This “measure” mentioned in the verse has to do with a couple of characteristics of rain. First of all, the amount of rain that falls on the earth is always the same. It is estimated that in one second, 16 million tones of water evaporates from the earth. This number is equal to the amount of water that drops on the earth in one second. This means that water continuously circulates in a balanced cycle according to a “measure”.

Another measure related with rain is about its falling speed. The minimum altitude of rain clouds is 1,200 meters. When dropped from this height, an object having the same weight and size as a rain drop, would continuously accelerate and fall on the ground with a speed of 558 km/h. Certainly, any object that hits the ground with that speed would cause big damage. If rain happened to fall in the same way, all harvested lands would be destroyed, residential areas, houses, and cars would be damaged, people would not be able to walk around without taking necessary precautions. What is more, these calculations are made just for clouds of 1,200 meters high, whereas there are also rain clouds at an altitude of 10,000 meters. A rain drop falling from such a height could normally reach a very destructive speed. But this is not how it works; no matter from how high they fall, average speed of rain drops is only 8-10 km/h when they reach the ground. The reason for this is the special form they take. This special form increases the friction effect of the atmosphere and prevents acceleration when the rain drops reach a certain speed “limit”. (Today parachutes are designed by using this technique.)

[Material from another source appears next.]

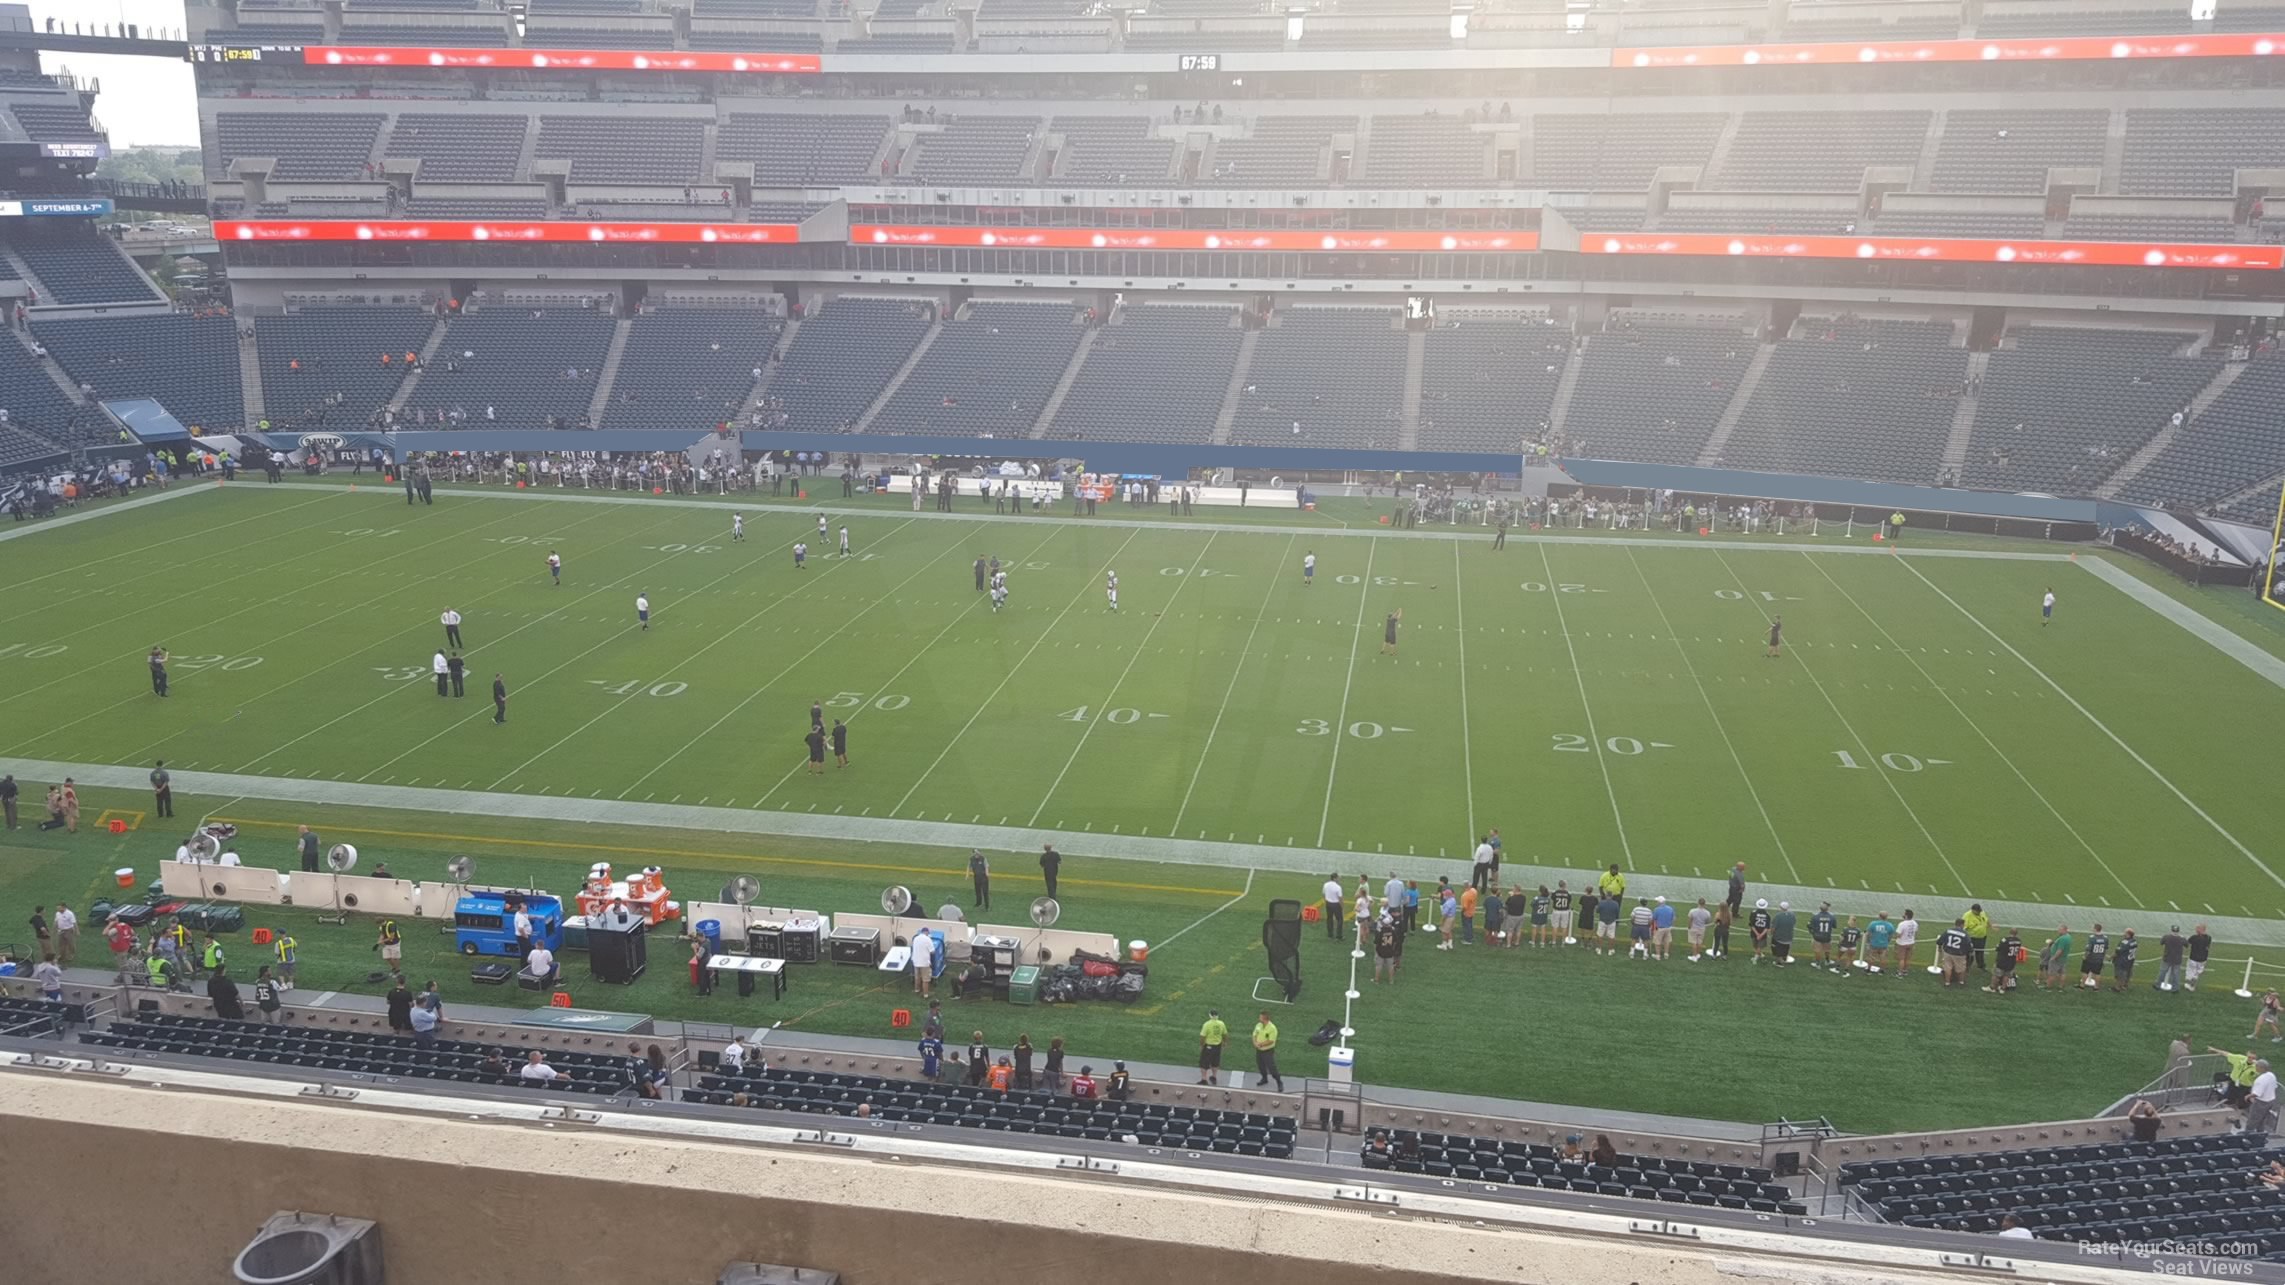 section c23, row 7 seat view  for football - lincoln financial field

This is not all about the “measures” of rain. For instance, in the atmospheric layers where it starts to rain, the temperature may fall so low as 400C degrees. Despite this, rain drops never turn into ice particles. (This would certainly mean a fatal threat for the living things on the earth). The reason is that the water in the atmosphere is pure water. As known, pure water hardly freezes even in very low temperatures.

The Formation of Rain

How rain forms remained a great mystery for people for a long time. Only after air radars were discovered, could it have been possible to learn by which stages rain formed. The formation of rain takes place in three stages: First, the “raw material” of rain rises up in the air. Later, clouds are formed and lastly, rain drops appear. These stages are clearly defined in the Qur’an in which precise information was given about the formation of rain centuries in advance;

“It is Allah Who sends the Winds, and they raise the Clouds: then does He spread them in the sky as He wills, and break them into fragments, until you see rain-drops issue from the midst thereof: then when He has made them reach such of his servants as He wills behold, they do rejoice!”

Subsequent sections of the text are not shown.